Siamo qui, ora, in un’epoca dove possiamo giocare a trasformare i maschi in femmine, possiamo interrompere la crescita, possiamo trapiantare mani, occhi, fegati e cuori ma no, non possiamo impegnarci a trovare una sistemazione adatta per tenere una figlia con una grave patologia in casa e portarla in giro anche quando cresce? Finiamo sul web, su una rivista, leggiamo di Ashley e ci torna la speranza.

Cari genitori eroici che avete accolto e curato e provate affetto sincero per questa figlia, vi faccio una domanda: ma eravate davvero così sicuri che quella di toglierle l’utero perché non avesse gravidanze in caso di abusi, oltre il fastidio delle mestruazioni , e di bloccarle la crescita perchè poteste portarla ancora agevolmente in giro fosse l’unica soluzione?

Perché dovrebbe subire abusi? Vi prego, non mi ci fate pensare più di una volta oggi. Lo so che succedono cose orribili. Soprattutto sui più indifesi. Lo so già.

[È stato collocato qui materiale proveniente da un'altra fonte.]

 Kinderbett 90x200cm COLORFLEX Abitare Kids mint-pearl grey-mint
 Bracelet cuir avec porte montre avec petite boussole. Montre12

Perché  allora non avete pensato di irrobustire i vostri corpi anziché mortificare il suo? Perché non avete pensato ad auto gigantesche (io ho uno Scudo Fiat passo lungo nove posti, per esempio)? Sedute in materiali anallergici, poltrone semoventi, amache, seggiolini, paracaduti, qualcosa per Charlie con il suo corpo di ragazza e magari di donna?

Capisco lo strazio di sentirsi così indispensabili per questa figli e nel contempo così fragili. Capisco.

Avreste dovuto telefonare  a qualcuno. A qualche amico. A qualche sconosciuto. A chi cura bambini pluriminorati all’Istituto Serafico di Assisi per esempio. Perché no? Dalla nuova Zelanda si arriva anche in Umbria. Siete stati in Corea del sud, cambiando qualche fuso orario ci sareste arrivati.

Potevate telefonare a me.

Vi avrei ricordato che si può morire anche inciampando nei propri lacci e battendo il muso a terra. Si può morire d’infarto. Si può cadere con gli sci. Si può avere un’emorragia interna. Potete morire in ogni istante, voi genitori. E anche di lei, oltre  quello che vi suggeriscono le statistiche, non potete sapere molto. Quanto vivrà? Come?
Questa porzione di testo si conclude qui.